Lorely Burt On Lords Reform, Lib Dems Fighting Tories And Elections Defeats

Lorely Burt: The Lib Dems Have Been Naive

It's fair to say that a lot of people didn't expect Lorely Burt to be in parliament after the last election - the Lib Dem parliamentary chairwoman went into the May 2010 poll with a majority of 279 in her Solihull seat. Against the odds she came back, with an even smaller majority of 175 - and when I meet her at Westminster it's clear she hasn't forgotten about her bruising encounter with the Tories two years ago.

"There’s no love lost in Solihull, I can tell you," she says. "That nice Lord Ashcroft donated more money to fight Solihull than any other seat."

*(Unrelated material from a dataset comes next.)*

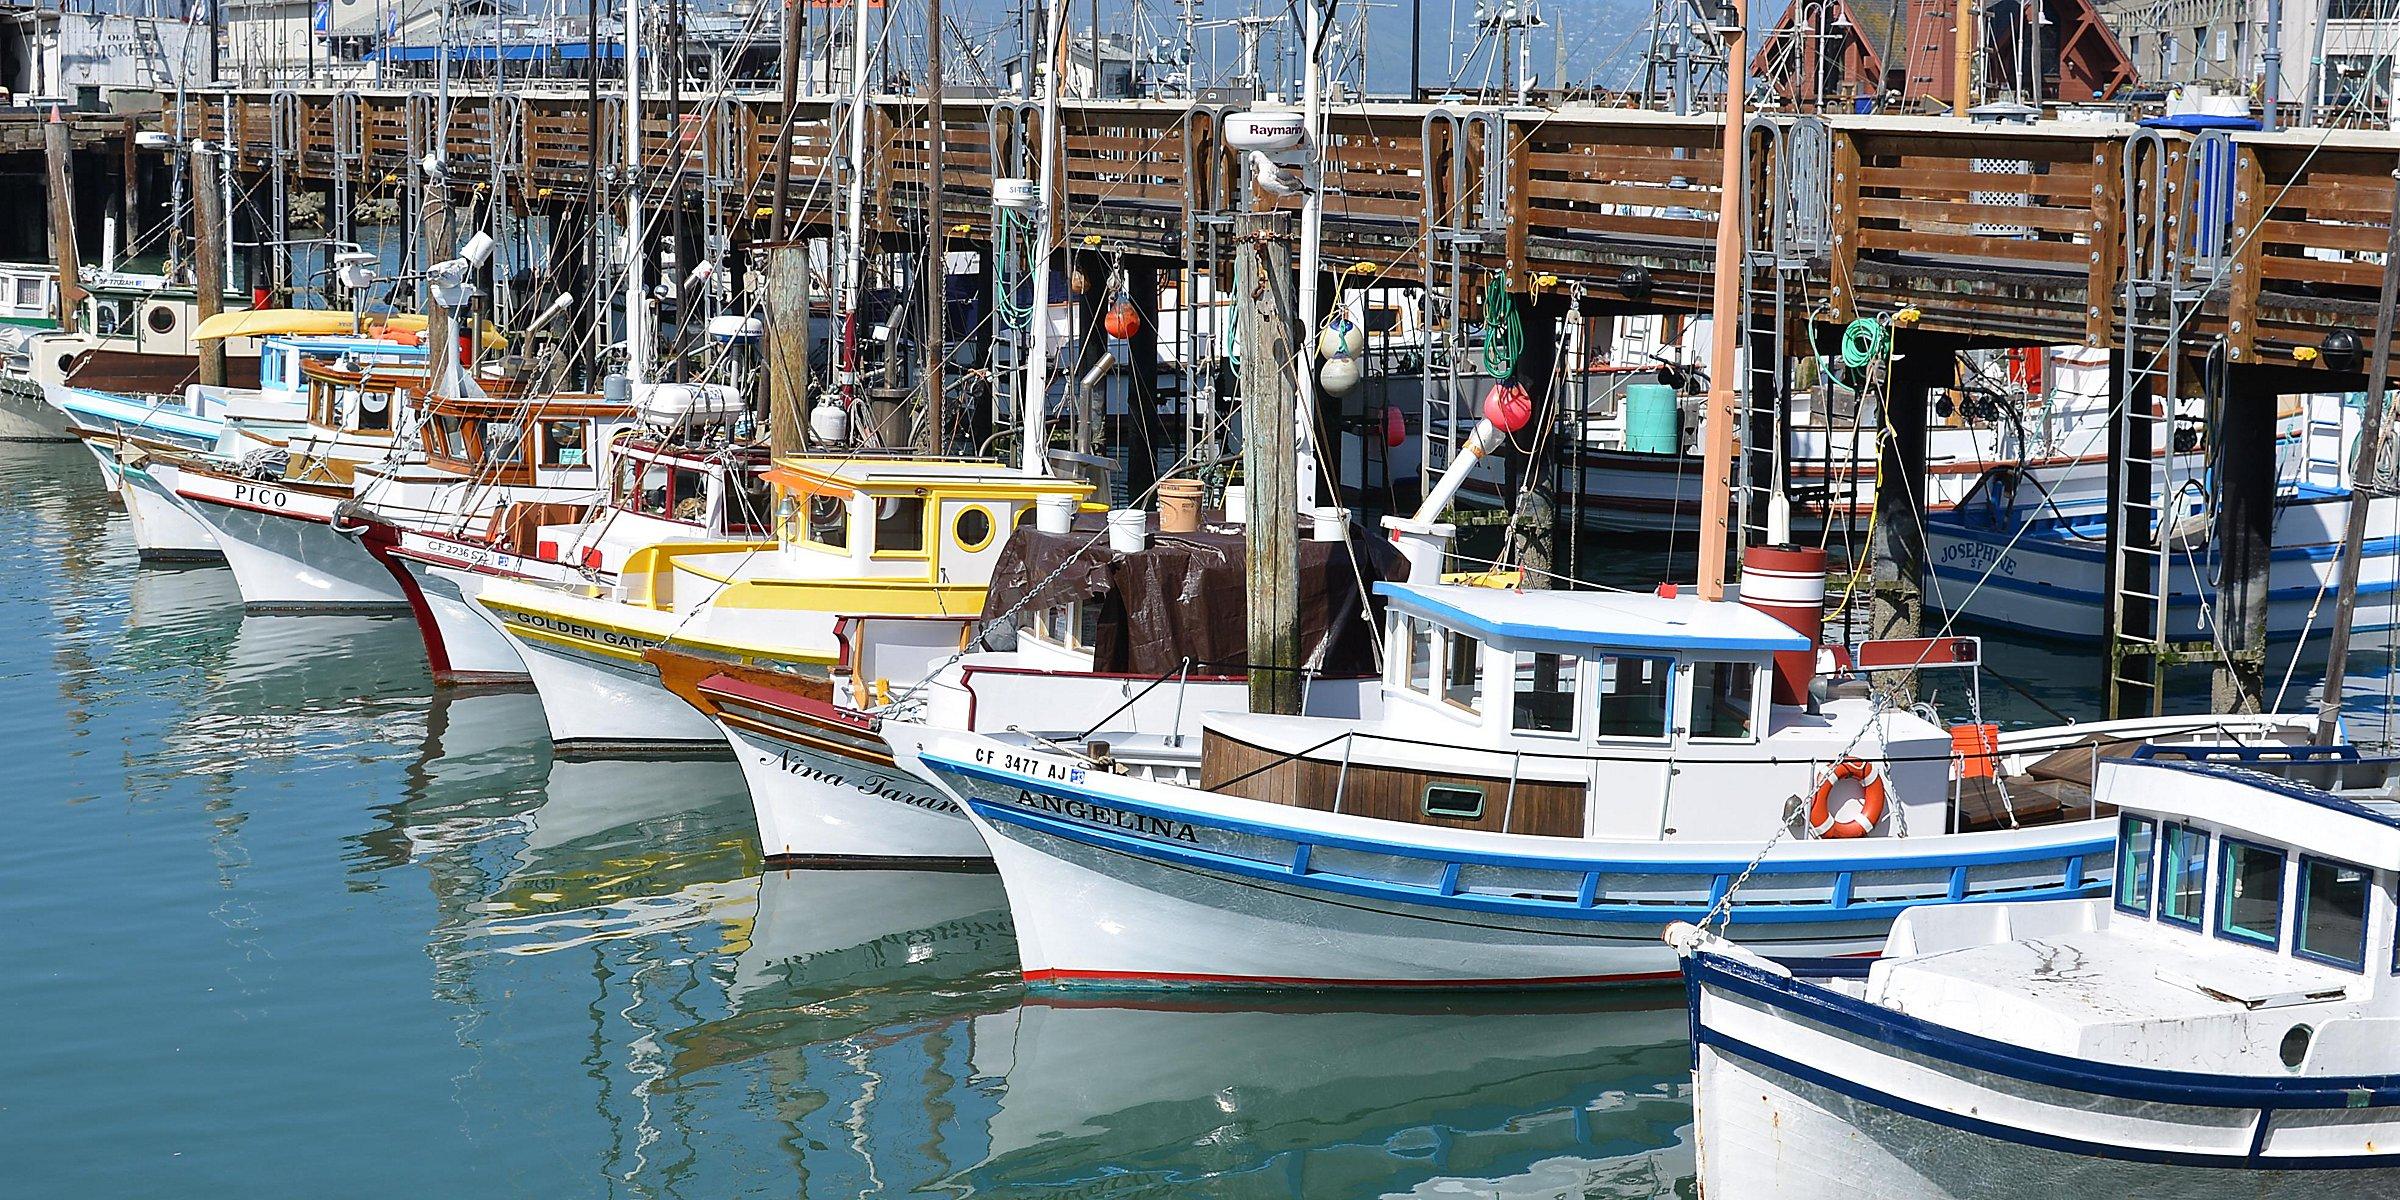 Fisherman S Wharf Hotels Near Pier 39 Holiday Inn San

And it sounds as though the local elections earlier this month saw another bruising encounter. Burt said they were "fighting like Billyo in Solhill," and while she insists the relationship between coalition MPs at Westmister is professional, she makes no apology for the way she talks about Tories when it comes to fighting elections - fully expecting things to remain just as bitter when the next general election eventually arrives.

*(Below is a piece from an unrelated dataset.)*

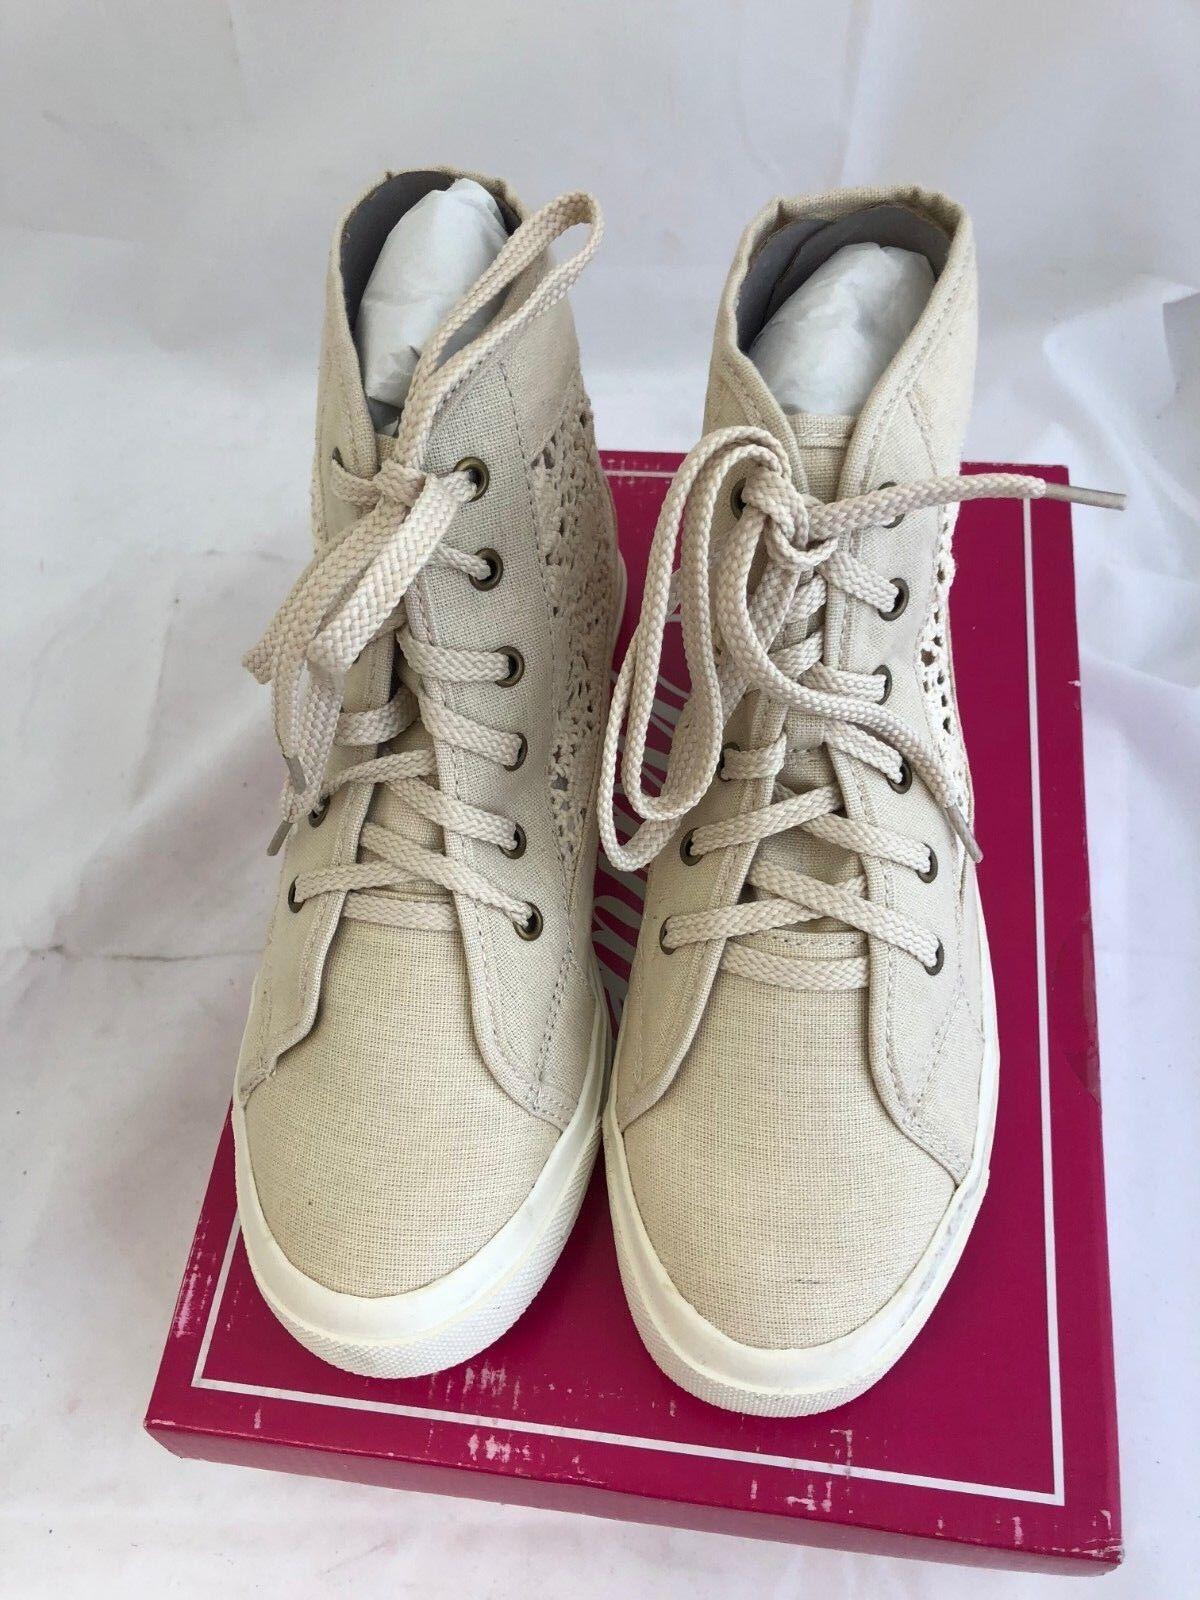 d261be6e Quería Zapatos tenis de moda para mujer mujer mujer Lincoln natural 7 M US  219ad3 ...

"I think we’ve already had the indication that it’s going to be no holds barred, because when you look at how they behaved in the referendum on AV, and that was quite shocking, in my view, it just showed how vehment and quite aggressive in tooth and claw then can be. So yes, we don’t expect any quarter in the next general election.

"Perhaps we have been too nice. We’ve certainly been naive in the some of the ways that we’ve conducted ourselves, but I think we can probably be forgiven since it’s the first time in 80 years that we’ve been in power," she says.

But I tell her I saw a couple of Lib Dem leaflets in this month's elections which were far from naive - one in the south west which said, ‘Vote Lib Dem to avoid Tory cuts', for example.

“Really?" she says, having not seen that leaflet. "Good on them. I can understand why some of them put that on their leaflets, because we’ve rubbed some of the hard edges off the Conservatives, just as they’ve rubbed the soft edges off us."

Even though the Lib Dems are still performing badly in the polls, sometimes coming in behind UKIP, Burt is highly positive about the Lib Dems' chances at the next election - and why not, since she's personally managed to defy electoral gravity in her own seat? I ask her about Clegg and Cameron's recent "renewal of vows" set-piece in an Essex tractor factory.

"I think they did well to choose the symbolism of it. A little blue and yellow tractor dragging us out of the slow of debt. This sort of rose-garden, love-affair type thing, that makes me queasy."

Should it always have been more tractor factory and less rose garden? "I would’ve felt more comfortable with that, but the relationship has developed. The story that the press wanted to write for the first year, I think, was it was the thin end of the wedge, it’s all going to end in tears - so in our first year I think we had to demonstrate to people that we can do well.

"It is a business-like arrangement, like running a company. You don’t have to like the people that you work with, as long as they are effective at what they do."

Burt is less outspoken in our interview than of late, particularly about Jeremy Hunt, about whom she was recently critical. Does she regret her recent call for him to refer himself to the independent adjudicator of the Ministerial Code, Alex Alan?

"It was just one of those sort of unguarded remarks," she says. "A journalist phoned me up when I was in the supermarket, and I just don’t stop to think before I speak."

So she's rowing back on what she said at the time? "As far as Jeremy Hunt is concerned, he’s going to have his time under oath. I did suggest originally that he might wish to refer himself to the independent advisor on the ministerial code. He hasn’t, which is his prerogative."

She's also surprisingly moderate on Lords reform - when I ask her how passionate she is about replacing the peers with a largely elected chamber. “Well on a scale of one to ten, probably about five.”

Really, only a five? Does she really think the reforms will go through? "I’m a democrat, but if it doesn’t happen, for whatever reason, I’m just going to treat it as pragmatically as I can."

I put it to her that the Tories might be able to get away with saying they've keep their side of the bargain, if they can get the Bill through the Commons but it then falls apart in the Lords. "Well, it becomes a point of pride, then. That would be an invidious position to be in, where you’ve passed some legislation and their Lordships weren’t having it. That’s very provocative."

"It’s such a tough one. We’ll just have to see."